Manifestantes ecologistas en Bonn. :: Wolfgang Rattay / reuters/
Manifestantes ecologistas en Bonn. :: Wolfgang Rattay / reuters

La financiación para que los países en desarrollo abandonen las fuentes de energía contaminantes, entre los puntos más polémicos

DANIEL ROLDÁN MADRID.

Era una estampa que parecía imposible. La delegación de Estados Unidos estaba sola, abandonada por el resto de las delegaciones que intentaban salvar en Bonn la cumbre del clima (COP23). Un encuentro que debía desarrollar el ya famoso Acuerdo de París firmado hace casi dos años y después de que entrara en vigor en 2016. Todos los países se comprometieron, desde China -con Xi Jinping a la cabeza- y la entonces potencia norteamericana gobernada por Barack Obama.
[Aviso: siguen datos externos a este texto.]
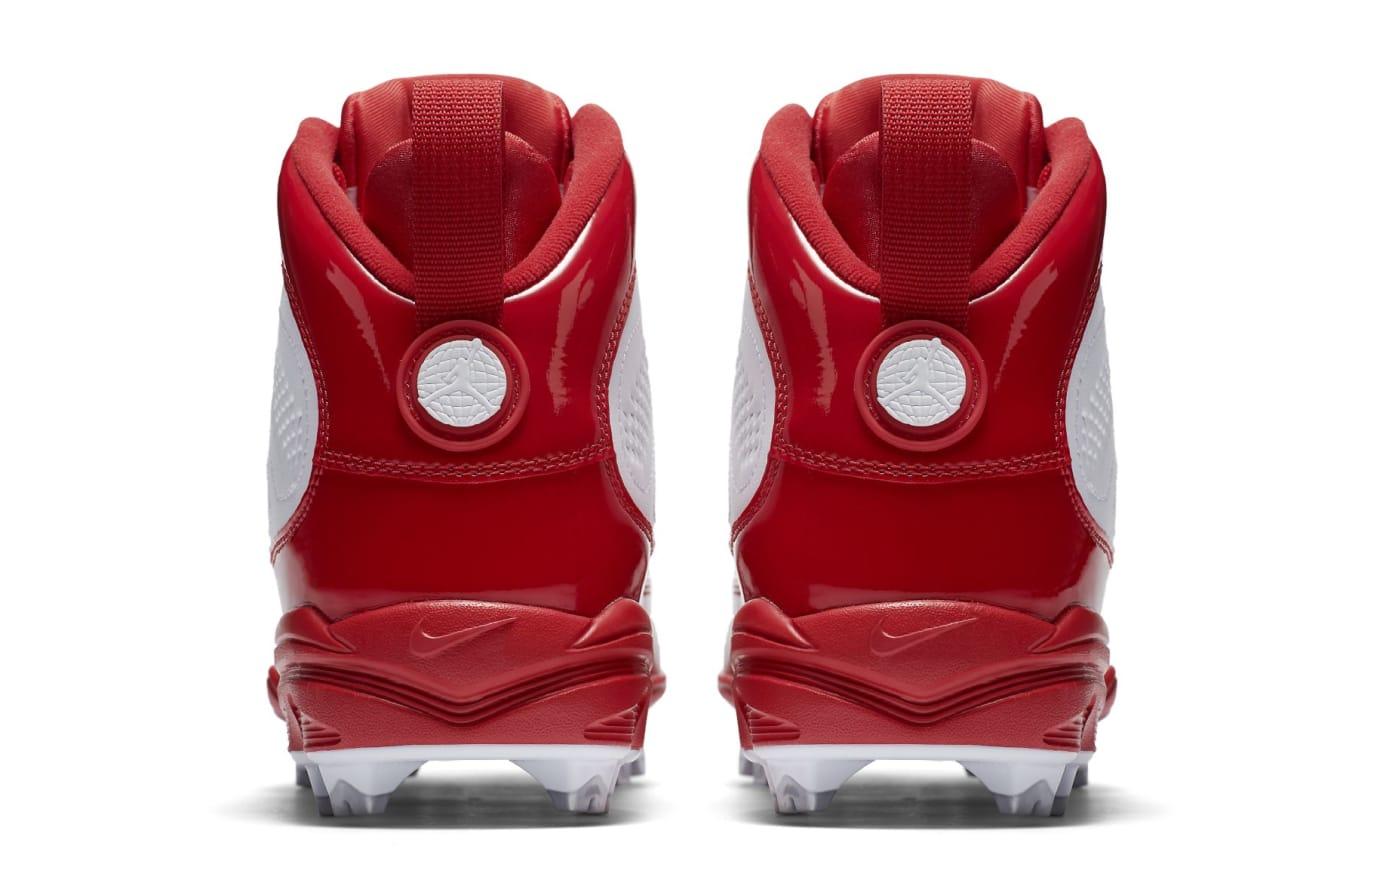 Air Jordan 9 IX MCS Baseball Cleats Red Heel

El objetivo era claro: impedir que la temperatura del planeta aumente más de dos grados respecto a la era preindustruial a lo largo de este siglo.

Pero el cómo conseguirlo se ha convertido en un nudo gordiano que los estados son incapaces de desenredar. Tal es la complicación que las delegaciones decidieron anoche postergar hasta el COP24 que se celebrará en diciembre del año próximo en Katowice (Polonia) las decisiones más importantes. Una de ellas es cómo los países más industrializados van a pagar a los países en vías de desarrollo para que abandonen fuentes de energía contaminantes como el carbón.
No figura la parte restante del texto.